愛などなかった、ただ、協力関係を結ぶためだけの協調だったルクレイアとシェリーとの関係。

そこで、私と彼女たちは繋がりを持った。

 

ただの協力関係でしかなかったはずなのに、ルクレイアは私を愛してくれた。

私の血など一滴も入っていない義理の娘、シェリーも、不甲斐ない私を、愛してくれた。

 

だからこそ、その愛に報いるため。

その愛を失うようなことなど、許してはいけない。

 

何度か斬り結ぶ。

ラウンズとして、魔剣士として申し分ない実力を、この男は持っている。

それこそ、何年かすればラウンズの上位とも張り合えるような、そんな実力。

その上で、自分で編み出したのだろう。魔力を声にのせる技術も持ち合わせている。

 

だが、そこまでだ。

 

私にとって、それは当たり前のものでしかない。

ラウンズとして、強くあることは当然のこと。

一部を除けば、並の魔剣士など足元にも及ばない実力はあって当たり前。

 

次は、斬り結ぶことなく弾く。

相手の膂力を活かして、その力を戻してやる。

そうすると、私が少し力を入れるだけで相手にその力を返すことが出来る。

 

「アレクシア王女。あなたはお強い。この学園に敵うものなどいないかもしれません。ですが、剣の頂を一つ越えたところで、その頂には続きがあるんですよ」

 

山を一つ越えても、山はいくつも存在している。

その頂は一つではなく、いくつもある中の一つでしかない。

 

「私の短い命。あなたのために使いましょう」

 

わかっている。私はもう長くはない。

体も、心も、何もかもが、もう手遅れだ。

 

ただ、剣の頂に届こうとしている者が、ここで倒れることなど許されない。

武神祭で優勝した者として。

剣豪・ルスラン・バーネットとして。

 

彼女を、高みへと、頂へと登らせるために。

 

この命、燃やし尽くすことが天命だったのだと、ラウンズと彼女の戦いを見て、気づいてしまった。
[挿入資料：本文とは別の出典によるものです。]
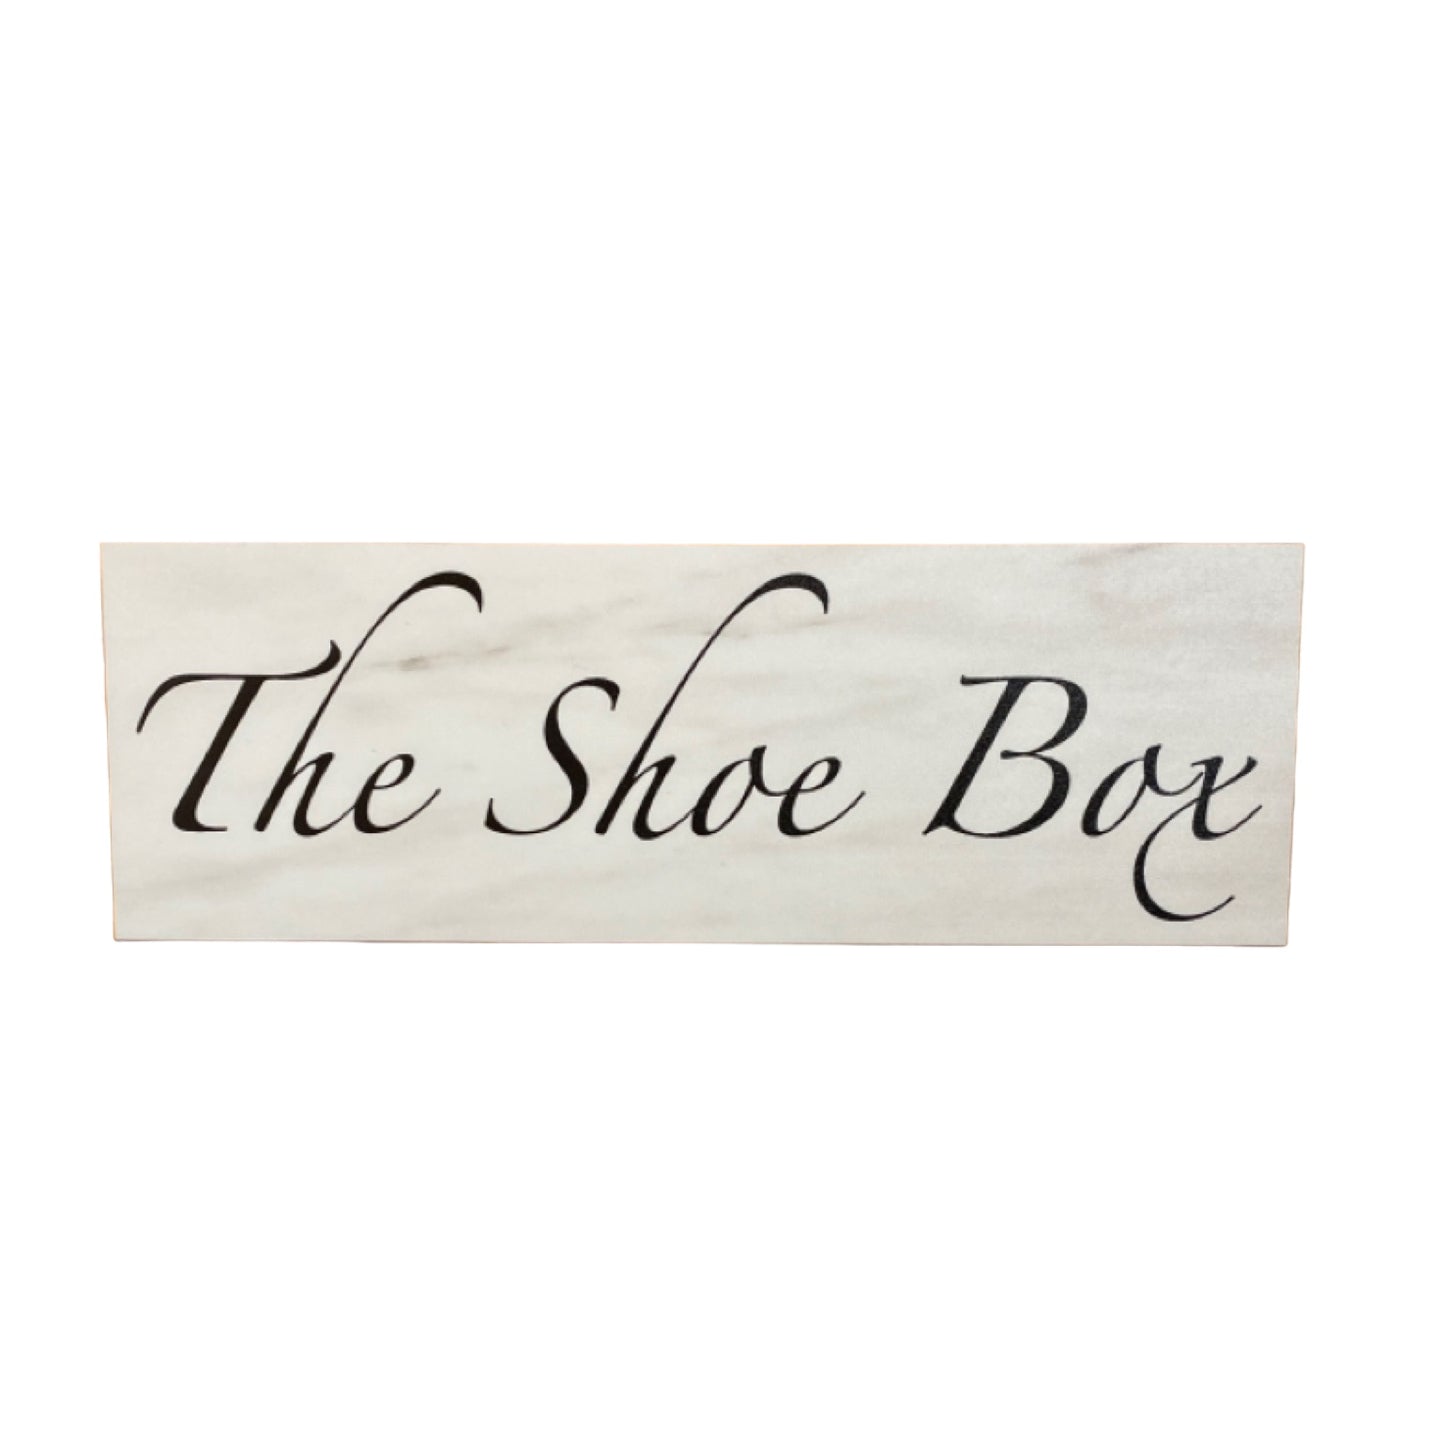 The Shoe Box Sign

忘れてしまっていた記憶も、体の封じも、全てがこの時を彼女に与えるために存在していたのだと。

 

私の剣に怯えはじめた男に私から斬りかかる。

魔剣士学園で教えられる当たり前の剣術としての動き、とは違う、剣豪としての技術。

剣だけの技術はではない。

体全体を武器と為す、体術としての剣。

 

剣を受けようとする男の肘を、蹴る。

 

魔力で強化された状態で蹴られれば、骨など簡単に折れてしまうだろう。

現に右腕が、曲がってはいけない方向に曲がっている。

 

そのまま、音を立てて地面に足をつける。

当たり前のように地面が陥没し、相手が体勢を崩す。

戦うための剣の術。

 

少しでも彼女が受け継げればと、技術を、心を、時間が許す限り彼女へと見せつけた。

 

私を燃え尽くそうとも止まらない命のリミットは、もうあとわずか。